RECORDED DATA
◆ ◆ ◆ ◆ ◆

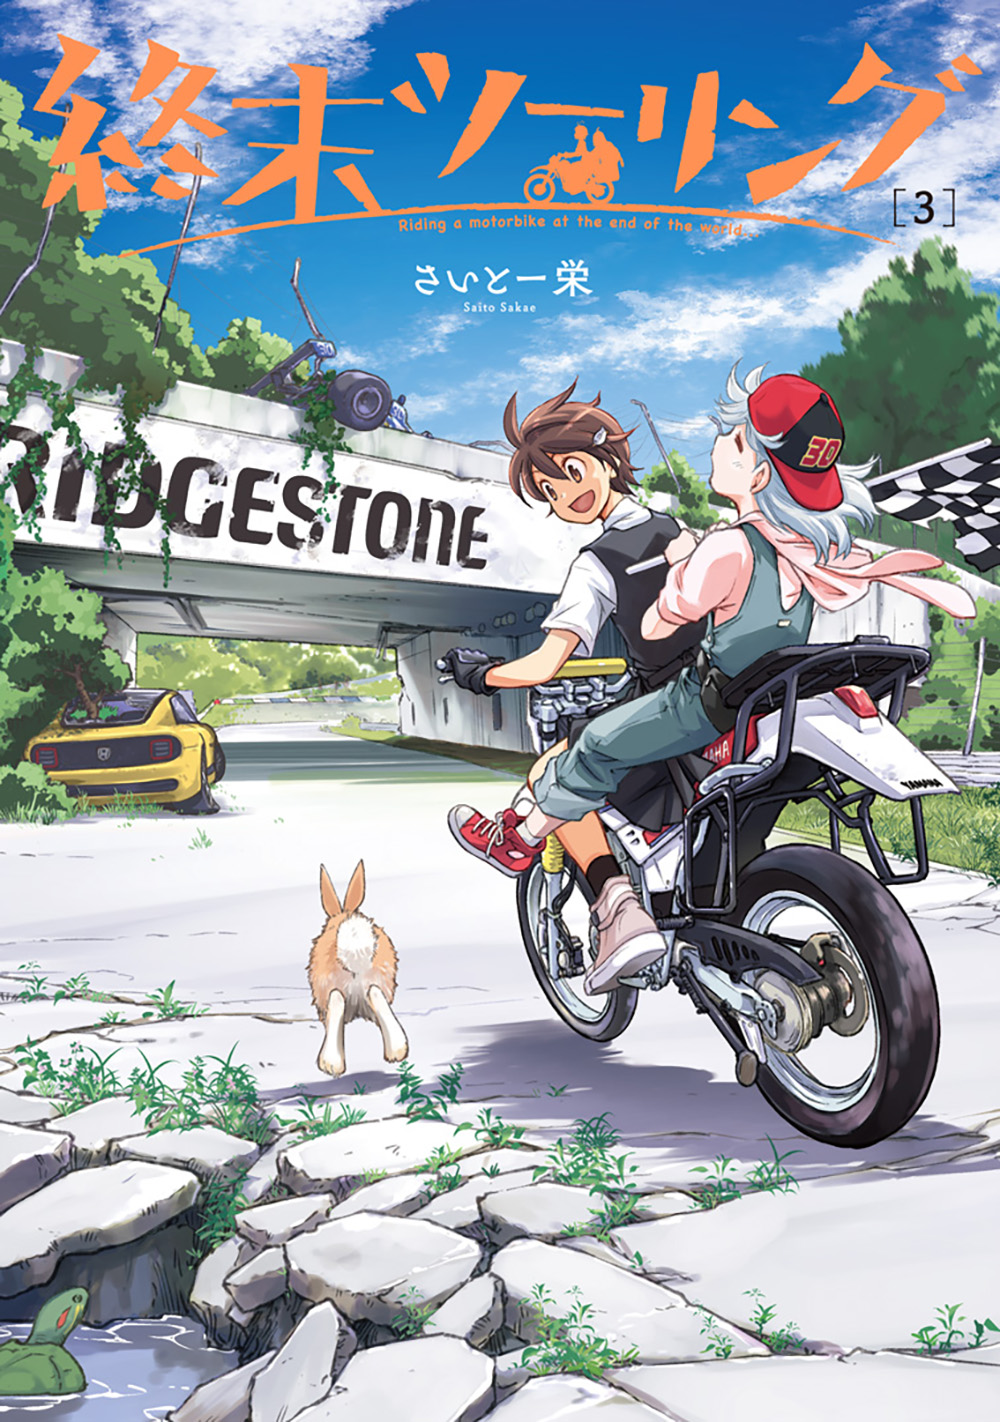 終末ツーリング第3巻が5月27日発売！ ライダーもおなじみバイクの聖地が続々登場 - バイクトピックス - レディスバイク
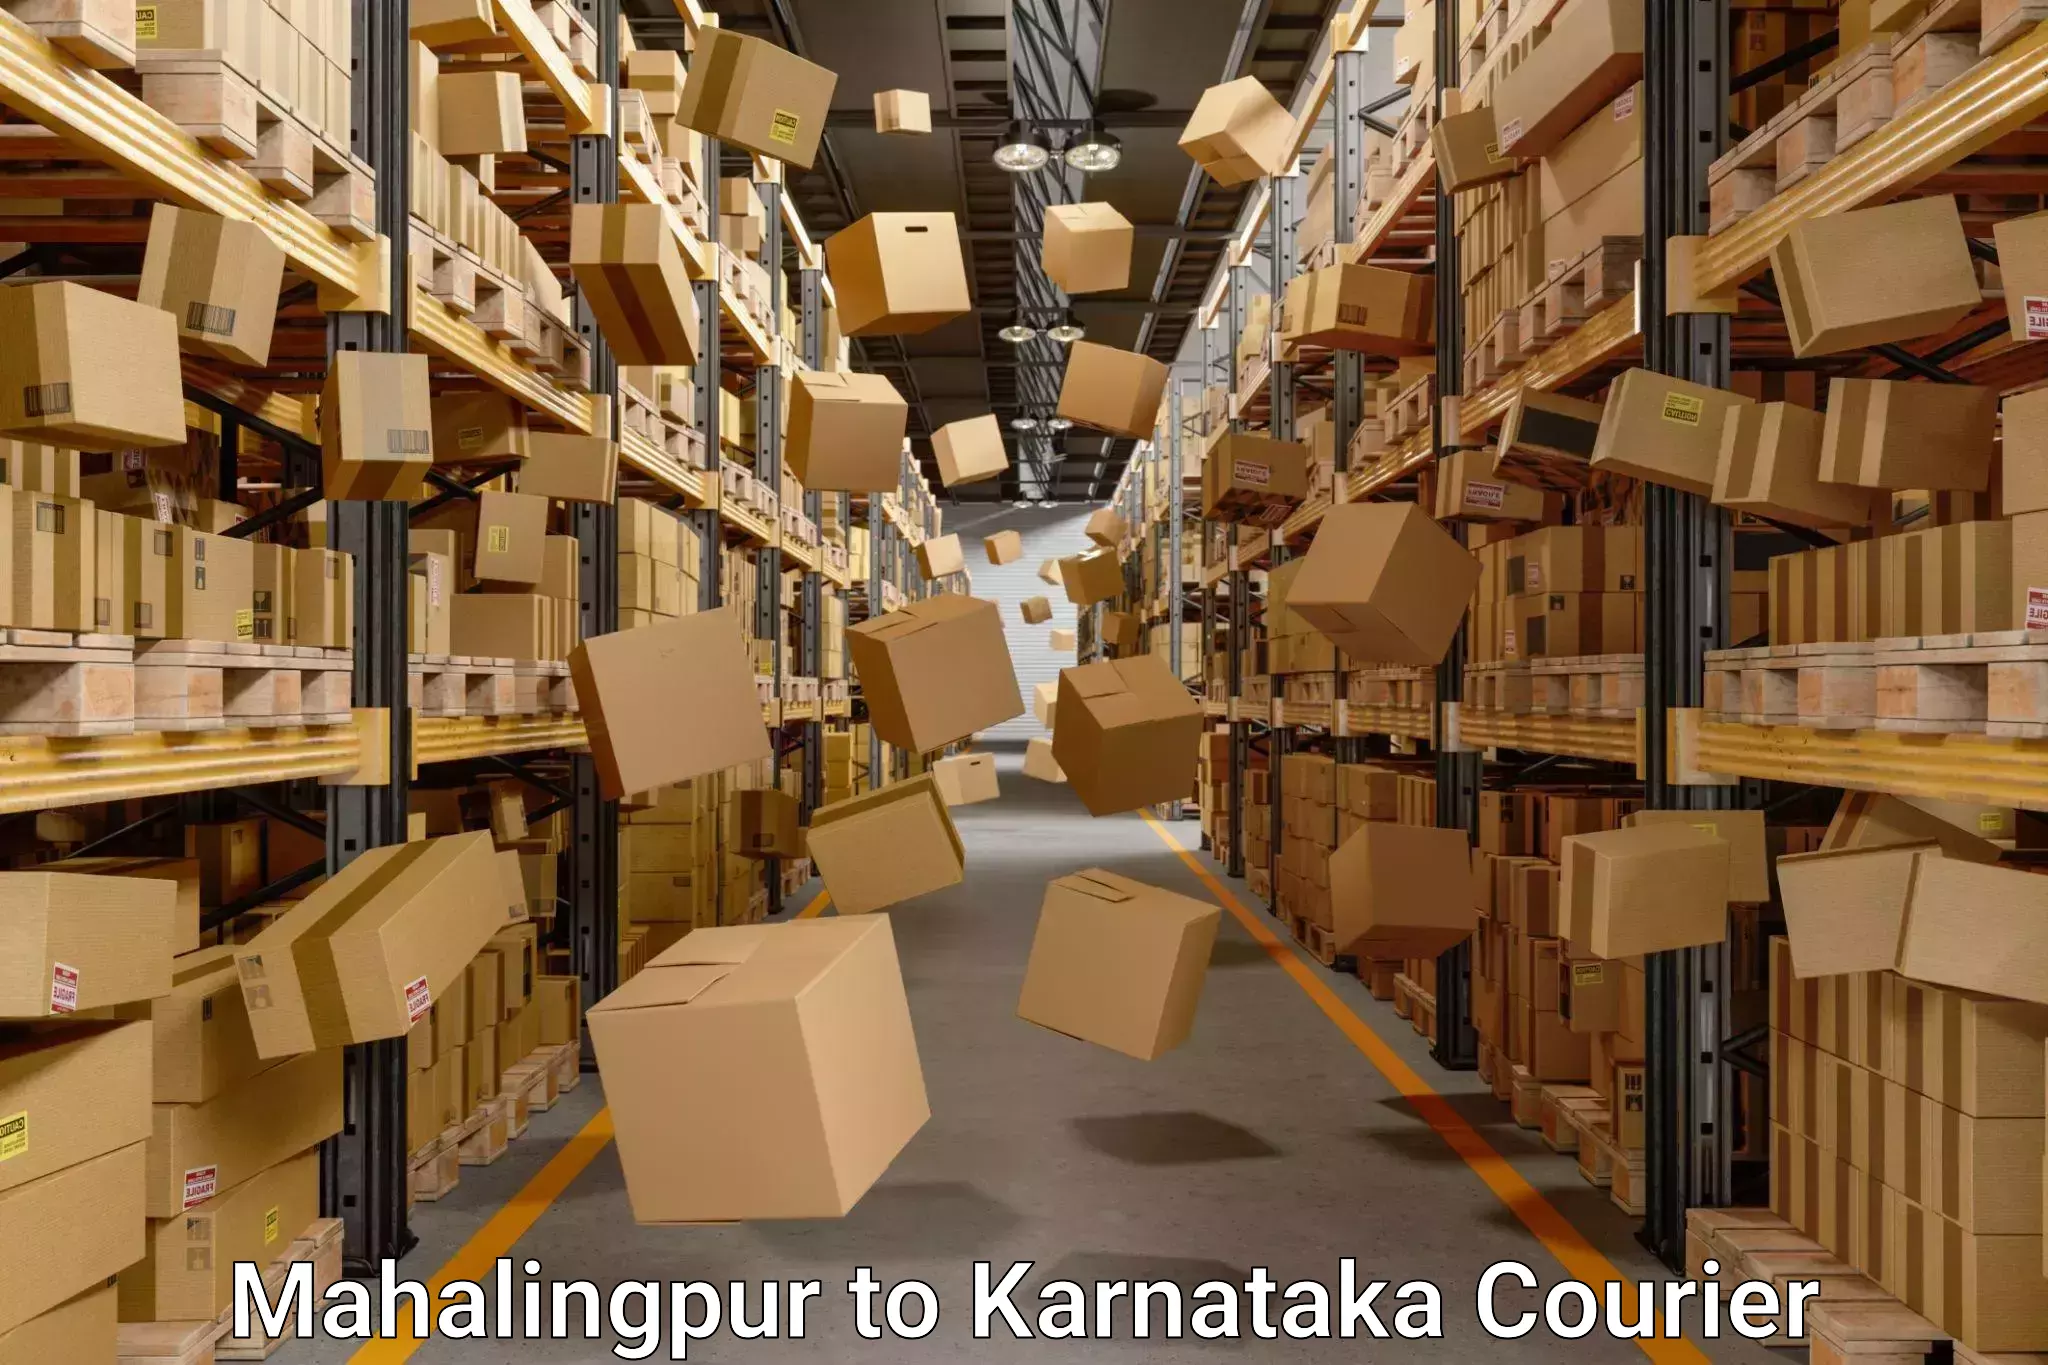 Packing and moving services Mahalingpur to Karnataka
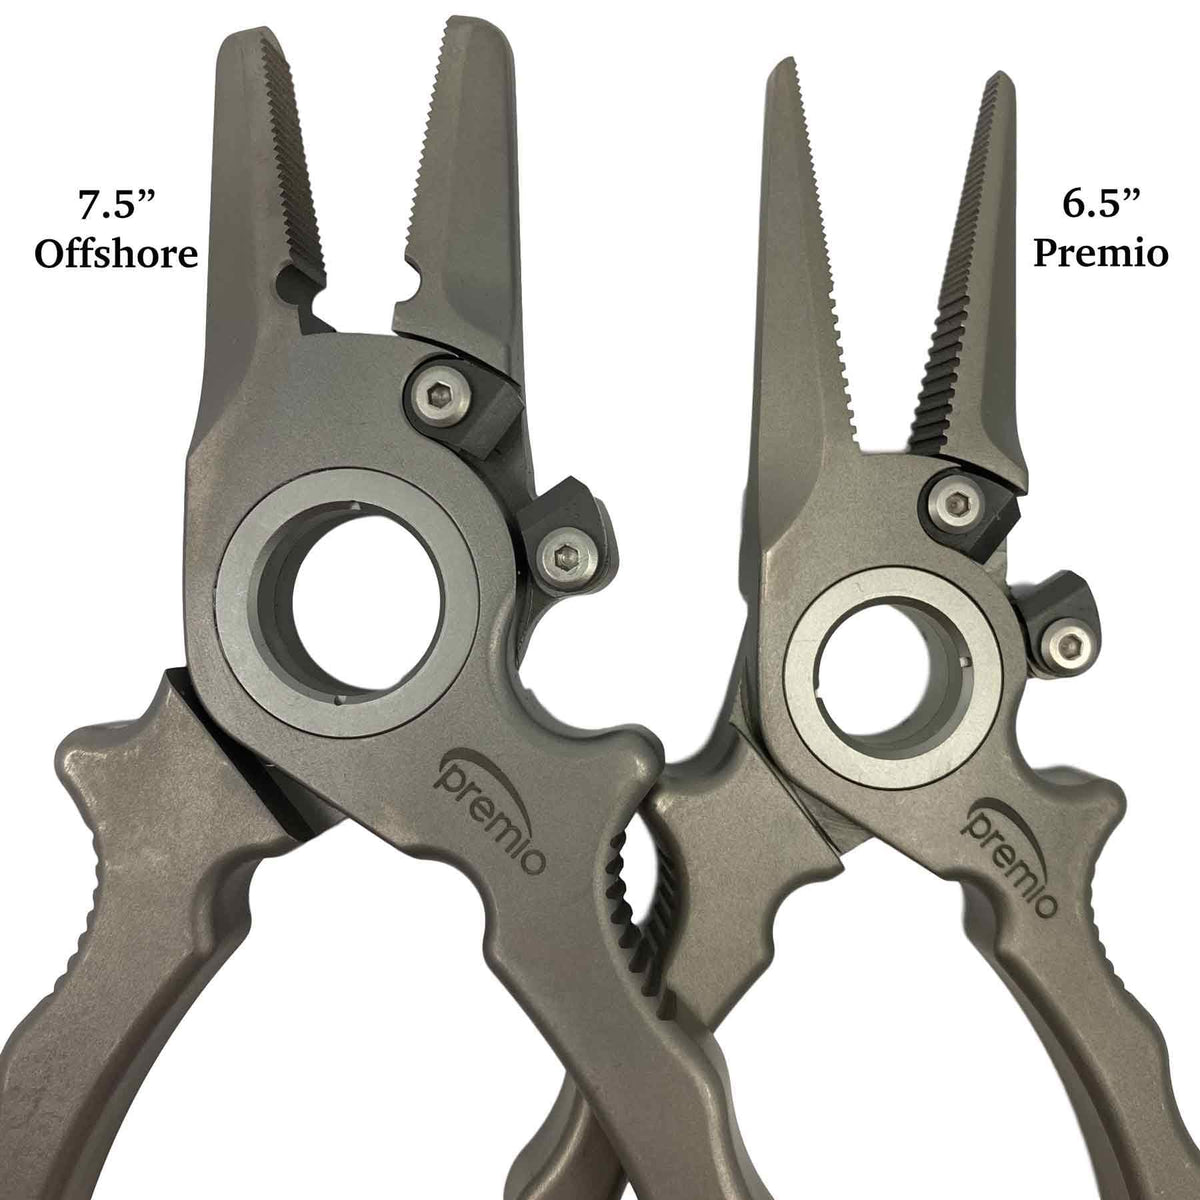 Danco Split Ring Pliers/Braid Cutters 5

◆ ◆ ◆ ◆ ◆

TASK INSTRUCTIONS
Should there be pictures in the data, leave them out and return the rest exactly.

RESULT BELOW
 終末ツーリング第3巻が5月27日発売！ ライダーもおなじみバイクの聖地が続々登場 - バイクトピックス - レディスバイク
 Packing and moving services Mahalingpur to Karnataka
 Danco Split Ring Pliers/Braid Cutters 5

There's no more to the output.